Et que nous pouvons par notre propre volonté, en faire le meilleur.

K.

Les rencontres

Se remettre d'un viol

C’était il y a 9 ans déjà, j’étais au collège, j’avais quatorze ans. A cet âge là, faut dire ce qui est on est bête, en tout cas moi je l’étais. Je venais d’avoir pour Noël un nouveau forfait téléphone, avec tchat orange en illimité. J’étais contente et je passais mon temps dessus. Sauf que je faisais croire que j’étais majeure, que j’étais grande, que j’étais belle et blonde bref un beau tissu de mensonges…

Et puis un jour, il est venu me parler. Il avait presque 30 ans, il était gentil et attentionné et tenait à me rencontrer. Quand je lui ai dit la vérité sur mon âge, mon physique, tout, il n’a rien dit. Il m’aimait et voulait vraiment que l’on se rencontre.

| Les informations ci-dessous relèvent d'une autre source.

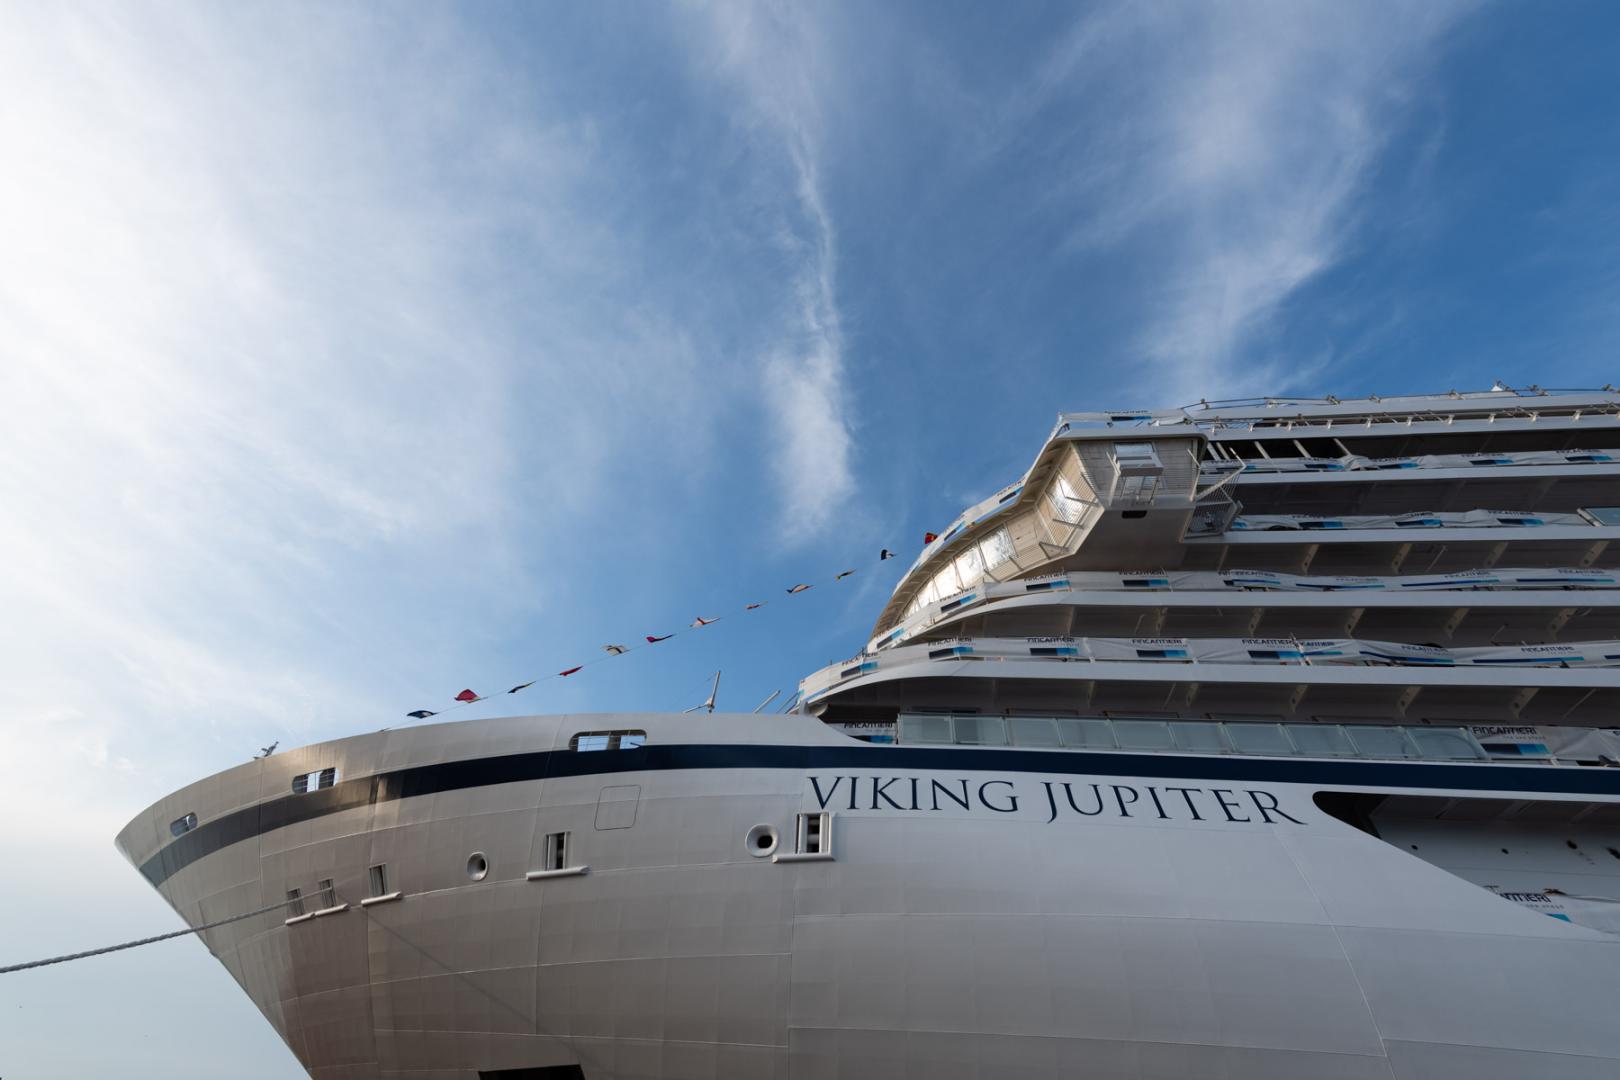 Fincantieri: “Viking Jupiter” floated out in Ancona

Dans ma tête, l’histoire commençait bien. S’il ne tenais pas compte de mes mensonges, c’est que forcément c’était quelqu’un de bien. En plus il avait une fille, il voulait que je la rencontre, qu’on fasse notre vie ensemble. Et moi j’y croyais. Il est venu me chercher en voiture, je ne voulais pas monter, j’avais quand même un peu peur. Il me dit, mais si comme ça on reste pas ici, on sera que tous les deux. Et je monte.

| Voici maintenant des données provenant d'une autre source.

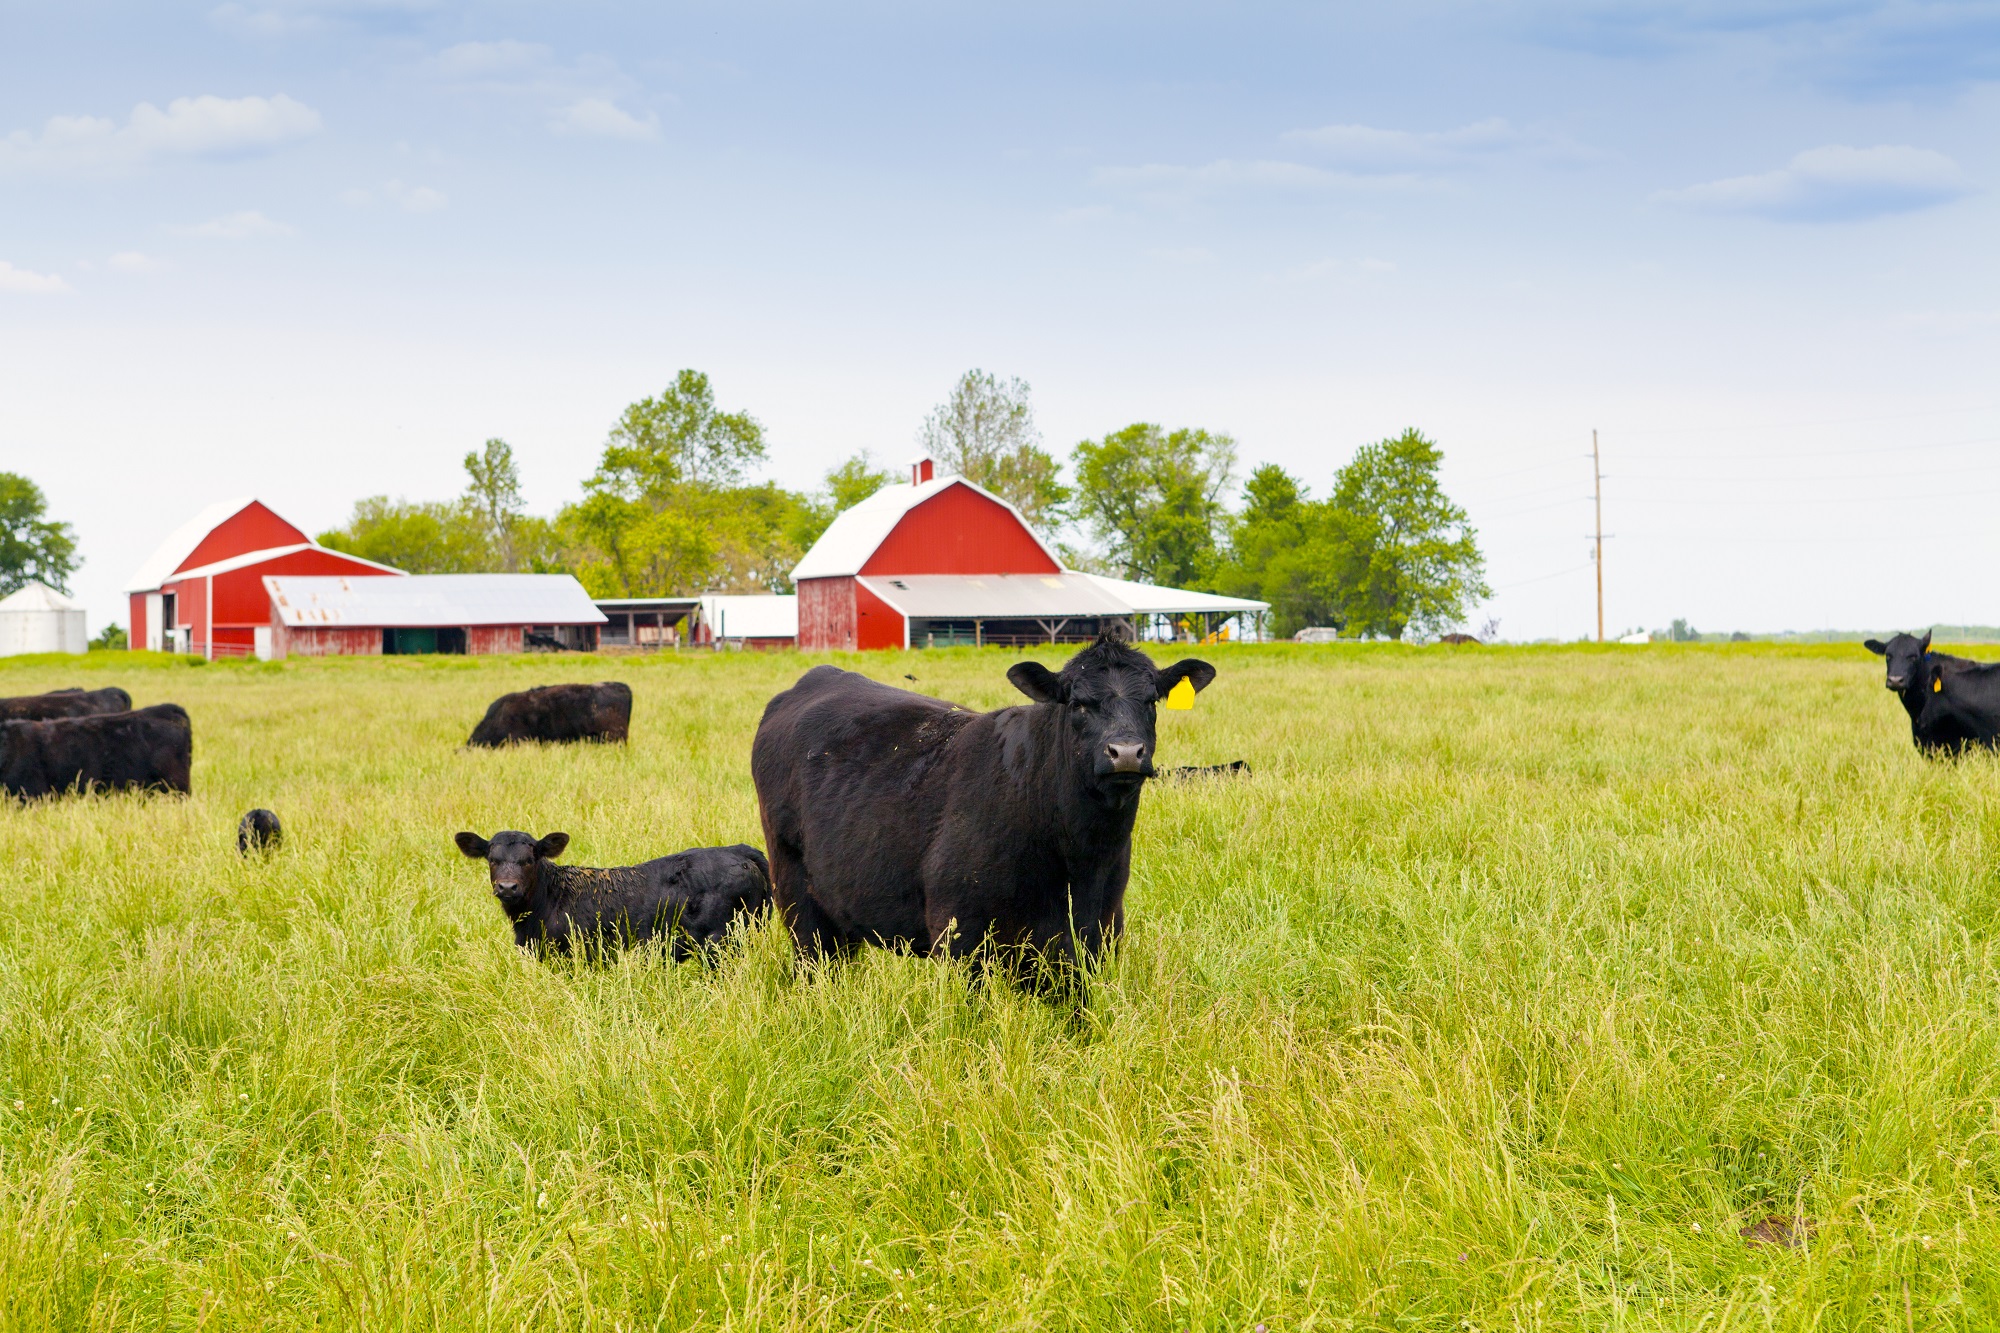 Discover Agriculture in Benton County: Minnesota Ranks 5th in the U.S. for Ag Production Photo

L’histoire continue sur un parking bondé, avec moi en pleurs dans la voiture incapable de réagir et des gens qui voient mais ne disent rien. Puis cette phrase qui aujourd’hui parfois résonne encore dans ma tête :  » Tu as de la chance qu’il y ai du monde sinon je te violais ». Quand il en a eu assez, il m’a ramené chez moi.

J’étais mal, je ne voulais pas en parler, c’était ma faute, quelle conne aussi de faire des trucs comme ça. Pendant des mois, il m’appelait tous les jours. Pour me revoir, pour me dire qu’il m’aimait et qu’il était sûr, au fond de lui que ça m’avait plu. J’avais peur dès que mon téléphone sonnait; je pleurais beaucoup mais je refusais d’en parler. Jusqu’au jour où en rentrant du collège, je l’ai vu. Il était là, devant chez mes parents et il attendait.

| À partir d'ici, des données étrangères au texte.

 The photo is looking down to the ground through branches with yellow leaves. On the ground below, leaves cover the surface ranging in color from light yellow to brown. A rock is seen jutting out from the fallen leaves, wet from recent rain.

Pas le choix, je fais demi-tour, je vais chercher quelques amis et là pour la première fois j’explique, je parle. Je pleure beaucoup, je tremble de peur. Mais mes amis, ces gens géniaux, me disent, on viens avec toi, on s’en fous on appelle les flics. Lorsqu’il nous a vu arriver tous ensemble, il est parti. Tous les jours pendant quelques mois, ces mêmes amis m’ont raccompagné chez moi.

J’ai perdu toute confiance en moi, enchaîné les histoires un peu craignos parce que je ne voyais en moi plus que ça : un jouet pour les hommes qui voudraient de moi. Jamais la force de dire non, de m’opposer, toujours trop peur. Quand j’en parlais, beaucoup de gens me disait « écoute, ton histoire elle est trop triste, je ne veux pas discuter de ça ». Tant pis, j’ai fait le tri dans ma vie, dans mes fréquentations amicales.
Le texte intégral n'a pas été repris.